18. The apparatus of claim 15, wherein the first device register
has a second bit width that is different from the first bit
width.
19. The apparatus of claim 14, wherein the finite state machine is
further configured to exchange the GPIO state information by:
transmitting or receiving a data packet in accordance with a system
power management interface (SPMI) protocol.
20. The apparatus of claim 14, wherein the finite state machine is
further configured to exchange the GPIO state information by:
transmitting or receiving a data packet in accordance with a radio
frequency front-end (RFFE) protocol.
21. An apparatus comprising: means for determining that general
purpose input/output (GPIO) state information corresponding to a
physical GPIO pin or signal is available in an event register,
wherein the event register has a first bit width and includes
information identifying one or more devices associated with the
event register; and means for exchanging the GPIO state information
with the one or more devices over a serial bus, wherein the GPIO
state information is transmitted over the serial bus in accordance
with configuration information stored in the event register,
wherein the configuration information includes an address
identifying the one or more devices, addressing information
identifying a target register in the one or more devices and
information identifying a mode of communication for transmitting
the GPIO state information.
22. The apparatus of claim 21, wherein the GPIO state information
is stored in a first device register, and the means for exchanging
the GPIO state information transmits content of the first device
register over the serial bus.
23. The apparatus of claim 22, wherein the address identifying the
one or more devices is stored in a second device register, and the
means for exchanging the GPIO state information transmits content
of the second device register with the content of the first device
register over the serial bus.
24. The apparatus of claim 22, wherein an address identifying the
target register is stored in a third device register, and the means
for exchanging the GPIO state information transmits content of the
third device register with the content of the first device register
over the serial bus.
25. The apparatus of claim 22, wherein the first device register
has a second bit width that is different from the first bit
width.
26. A processor-readable storage medium having instructions stored
thereon which, when executed by at least one processor or state
machine of a processing circuit, cause the processing circuit to:
determine that general purpose input/output (GPIO) state
information corresponding to a physical GPIO pin or signal is
available in an event register, wherein the event register has a
first bit width and includes information identifying one or more
devices associated with the event register; and exchange the GPIO
state information with the one or more devices over a serial bus,
wherein the GPIO state information is transmitted over the serial
bus in accordance with configuration information stored in the
event register, wherein the configuration information includes an
address identifying the one or more devices, addressing information
identifying a target register in the one or more devices and
information identifying a mode of communication for transmitting
the GPIO state information.
27. The storage medium of claim 26, wherein the instructions
further cause the processing circuit to: store the GPIO state
information in a first device register; and transmit content of the
first device register over the serial bus.
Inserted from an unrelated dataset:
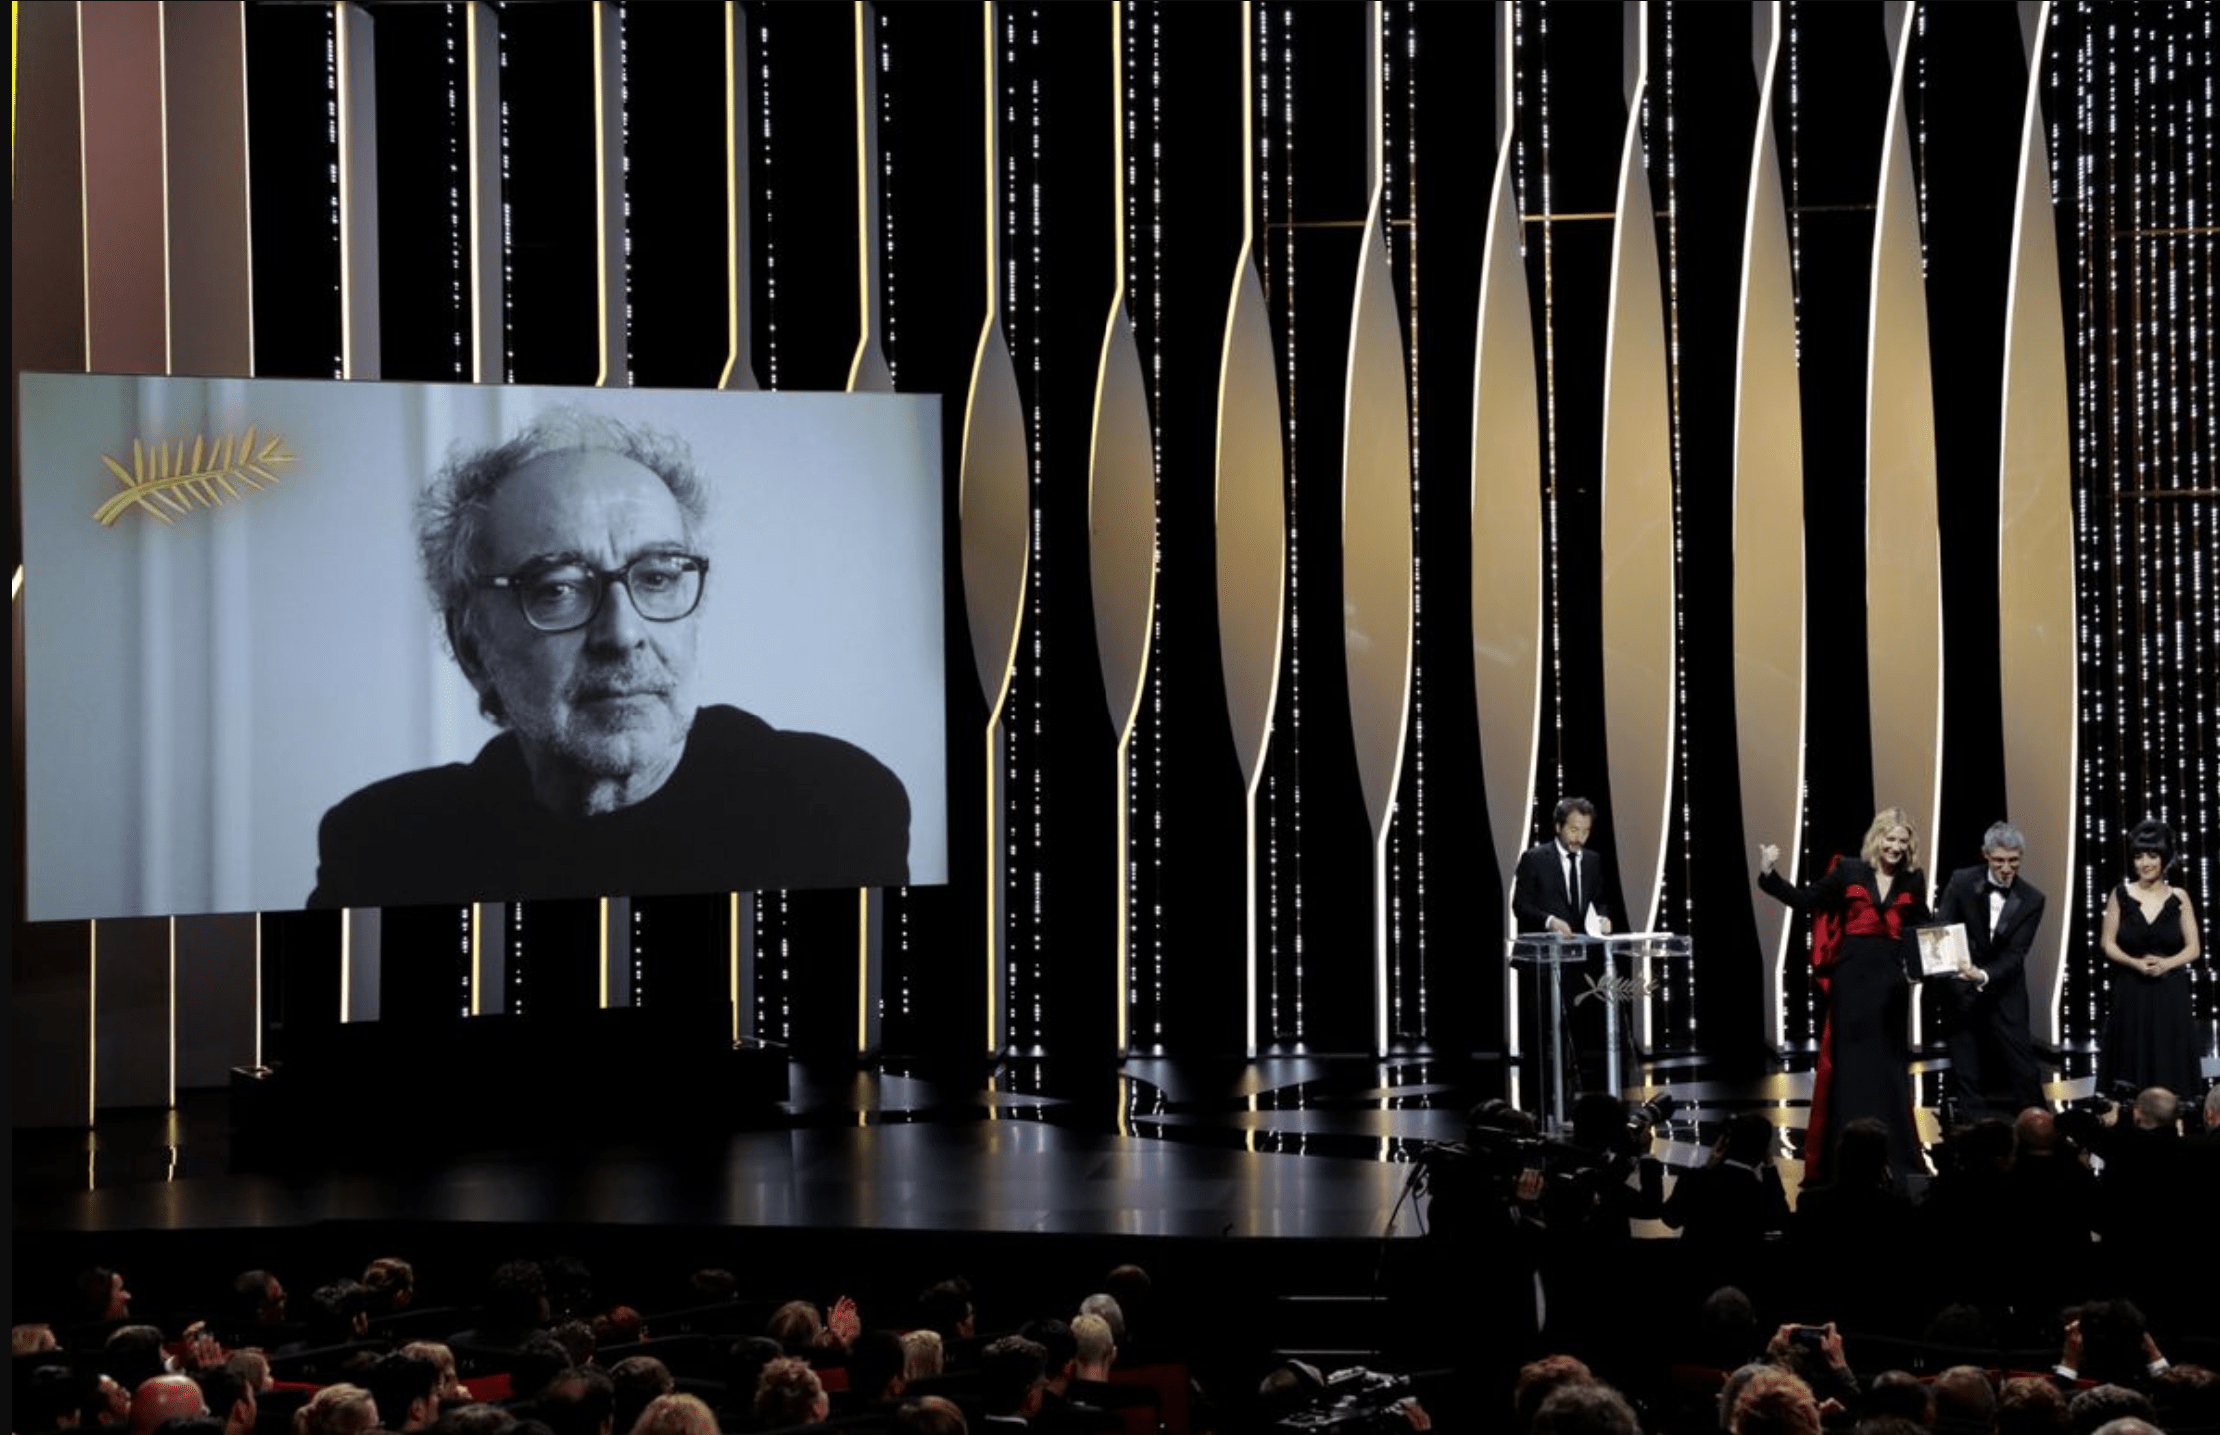 ژان لوک گدار کارگردان پیشگام سینمای موج نو فرانسه در سن ۹۱ سالگی درگذشت

28. The storage medium of claim 27, wherein the instructions
further cause the processing circuit to: store the address
identifying the one or more devices in a second device register;
and transmit content of the second device register with the content
of the first device register over the serial bus.
29. The storage medium of claim 27, wherein the instructions
further cause the processing circuit to: store an address
identifying the target register in a third device register; and
transmit content of the third device register with the content of
the first device register over the serial bus.
30. The storage medium of claim 27, wherein the first device
register has a second bit width that is different from the first
bit width.
Description
PRIORITY CLAIM
[0001] This application claims priority to and the benefit of U.S.
Provisional Patent Application Ser. No. 62/545,422 filed in the
U.S. Patent Office on Aug. 14, 2017, the entire content of this
application being incorporated herein by reference as if fully set
forth below in its entirety and for all applicable purposes.
TECHNICAL FIELD
[0002] The present disclosure relates generally to serial
communication and input/output pin configuration and, more
particularly, to optimizing a register set configured for serial
messaging and virtual general-purpose input/output state.
BACKGROUND
[0003] Mobile communication devices may include a variety of
components including circuit boards, integrated circuit (IC)
devices and/or System-on-Chip (SoC) devices. The components may
include processing devices, user interface components, storage and
other peripheral components that communicate through a shared data
communication bus, which may include a serial bur or a parallel
bus. General-purpose serial interfaces known in the industry,
including the Inter-Integrated Circuit (I2C or I.sup.2C) serial bus
and its derivatives and alternatives, including interfaces defined
by the Mobile Industry Processor Interface (MIPI) Alliance, such as
the I3C interface, the system power management interface (SPMI),
and the Radio Frequency Front-End (RFFE) interface.
[0004] In one example, the I2C serial bus is a serial single-ended
computer bus that was intended for use in connecting low-speed
peripherals to a processor. Some interfaces provide multi-master
buses in which two or more devices can serve as a bus master for
different messages transmitted on the serial bus. In another
example, the RFFE interface defines a communication interface for
controlling various radio frequency (RF) front-end devices,
including power amplifier (PA), low-noise amplifiers (LNAs),
antenna tuners, filters, sensors, power management devices,
switches, etc. These devices may be collocated in a single
integrated circuit (IC) device, or provided in multiple IC devices.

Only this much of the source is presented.